Agricultural Systems For Environmental Conservation

Vir Singh*
Department of Environmental Science, GB Pant University of Agriculture & Technology, Uttarakhand, India
*Corresponding Author: Vir Singh, Department of Environmental Science, GB Pant University of Agriculture & Technology, Uttarakhand, India, Tel: +917500241416, Email: [email protected]

Received: 22-Mar-2018 / Accepted Date: 26-Mar-2018 / Published Date: 02-Apr-2018

Keywords: Agriculture; Food; Soil; Biodiversity; Environment

Short Communication

Agriculture encompasses all the land-related activities. In our contemporary world, however, meaning of agriculture has been reduced to mere cultivation of food crops. Agriculture cut off from its environment becomes detrimental. Environment-deteriorating agriculture invites ruins. Agriculture in perfect conciliation with environment is what is said to be a sustainable form of agriculture [1,2]. The first purpose of agriculture should, therefore, be environmental conservation. Agriculture must not only be environment-friendly but also conservation-oriented and biodiversity enhancing.

Foods are not only necessary for life but also indispensable. Agriculture determines the way we live in. Agriculture determines the future we shall usher in. We are the beings of our environment. Quality of our environment and that of our life are interconnected. If agriculture is meant to care for us, it must be caring for the environment.
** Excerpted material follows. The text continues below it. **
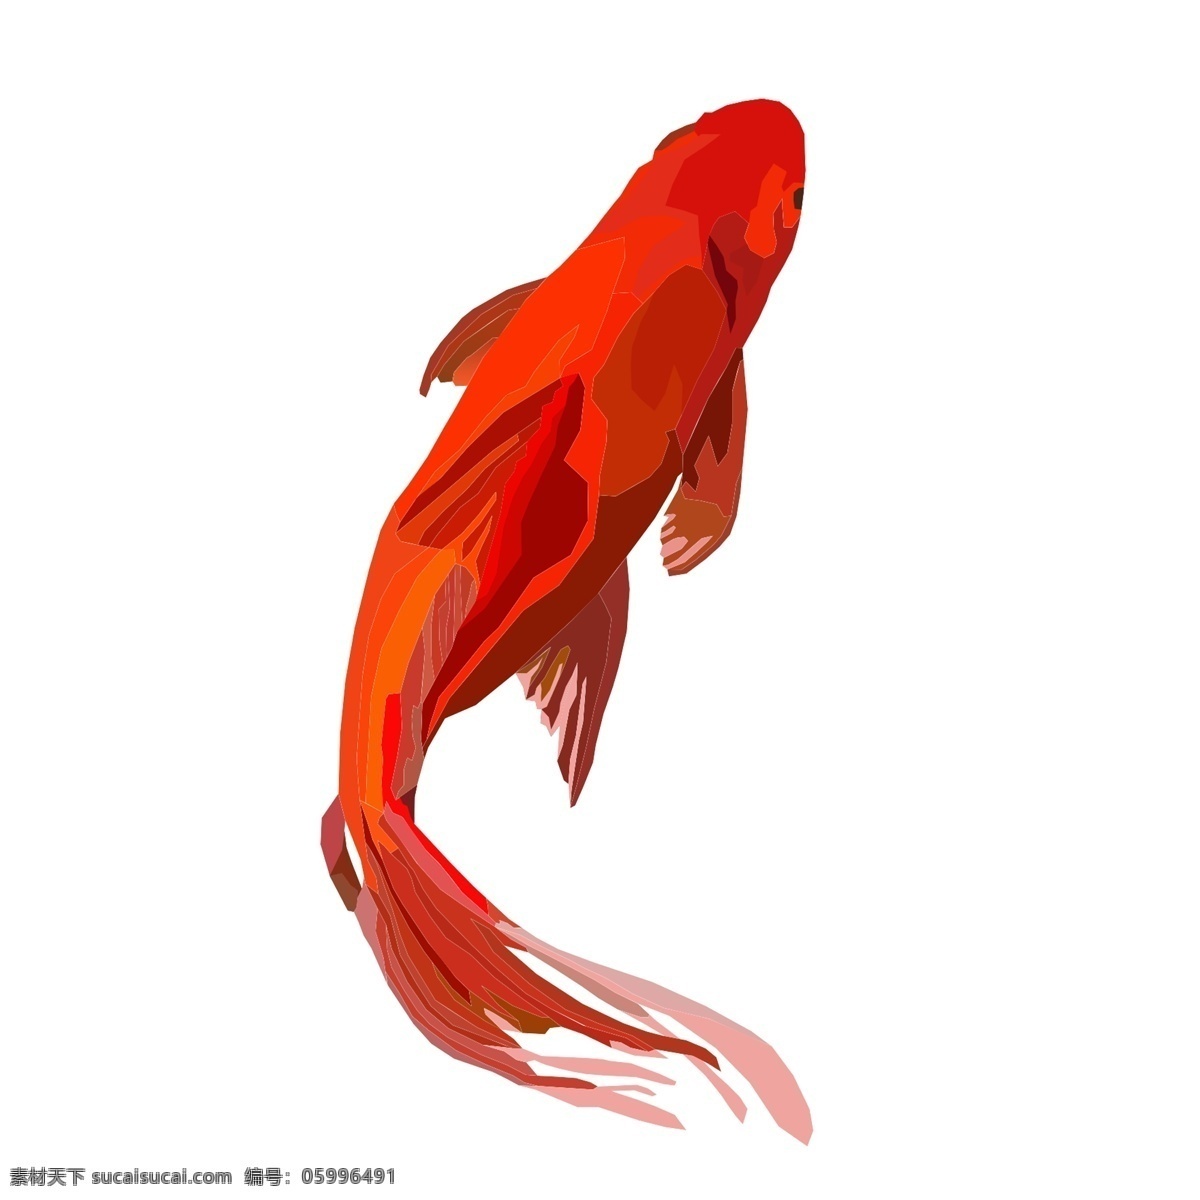 大红色 唯美 鲤鱼 元素 红色鲤鱼 插画元素 卡通元素 透明素材 动物
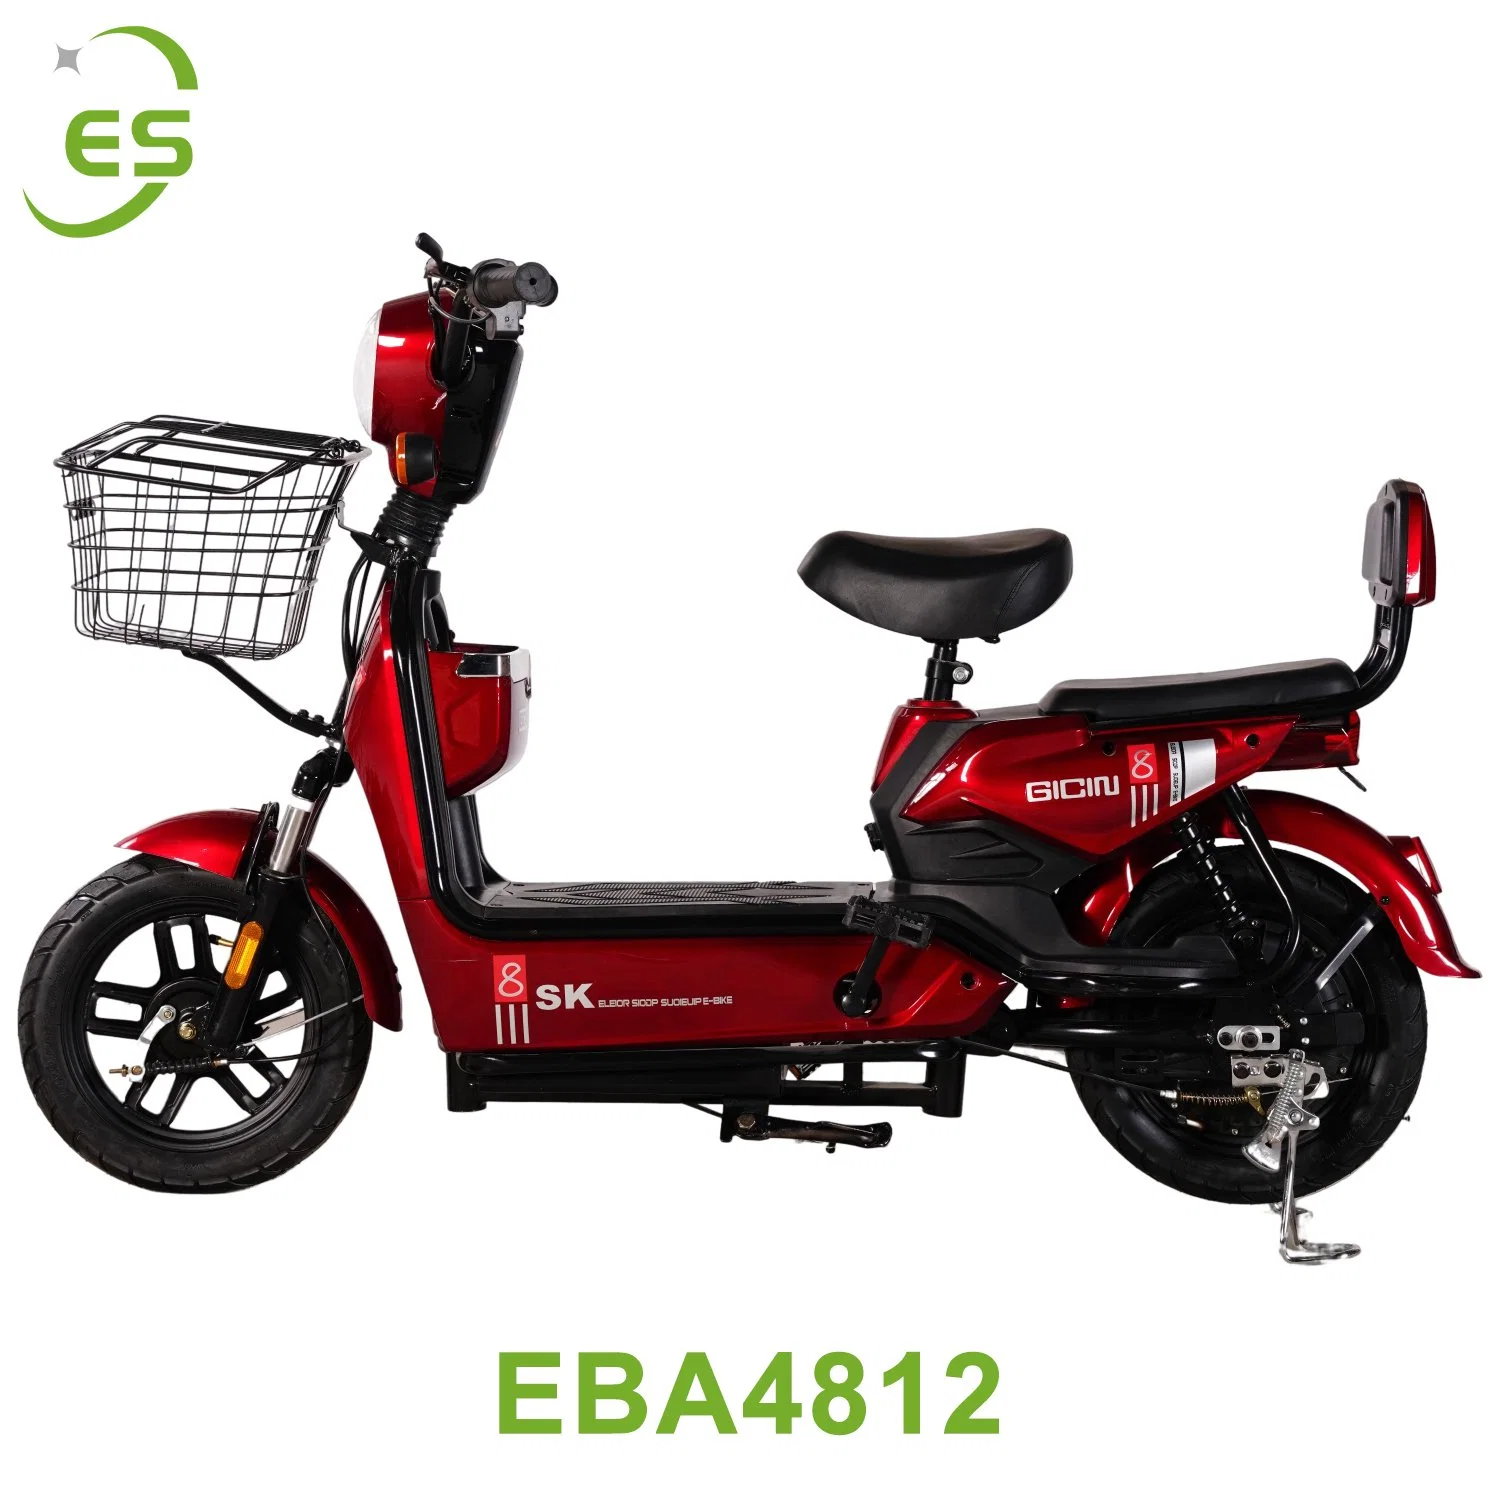 Fabricado en China Nuevo estándar nacional eléctrico de pequeñas bicicletas de batería Dos ruedas de hombres y mujeres Bicicletas eléctricas Hot Sell

Agricultural practices that are supportive of soil and water conservation, do not pollute our soil, water and air and provide food and nutritional security are an imperative of our life. Only a sustainable form of agriculture will help us usher in a sustainable future. Biodiversity-based agriculture, for example, ecological agriculture, organic agriculture and agriculture based on a farming system with cropland in linkages with forests and livestock, will ensure environmental conservation. We have to look into all the aspects relating to soil health. Our soils should not be contaminated by pesticides and other pollutants, such as heavy metals. Our water resources must also be free from pollution.

The second purpose of agriculture must be provision of health. The foods produced must be healthy. Healthy foods can be grown only in a healthy environment. Our foods must come from a variety of foodyielding plants (trees, shrubs, herbs, cereals, coarse cereals, pseudocereals, vegetables, fruits, underground stems and roots, leaves, pods, beans, seeds, mushrooms, edible flowers, buds, leaves, etc. In other words, a biodiversity-based agriculture and an environment-friendly agriculture will ensure supplies of healthy foods. In agriculture, we must also incorporate medicinal and aromatic plants besides food crops providing nutritive and medicinal value laden foods.

There are three principles of operationalizing a sustainable agricultural system: i) biodiversity-complexity; ii) living soil, and iii) cyclic flow of nutrients [3-5]. Ensuring that our agricultural system obeys these principles, we can transcend our life into a conservationoriented and life-enhancing life. It is agriculture-the food production system-that can help us a healthy happy life and guarantee us to usher in a sustainable future. Our agriculture system must cultivate as much biodiversity as will be possible in the area/region it operates in. Higher degree of biodiversity imparts higher degree of resilience, and, therefore, of sustainability [6-8]. In order to increase complexity in the system, try to make elements or functions of output as elements and functions of other outputs. In traditional agricultural systems in Indian Central Himalayas have no waste at all as the waste eventually ends up as a culture for microorganisms in the soil to the improvement and maintenance of soil fertility.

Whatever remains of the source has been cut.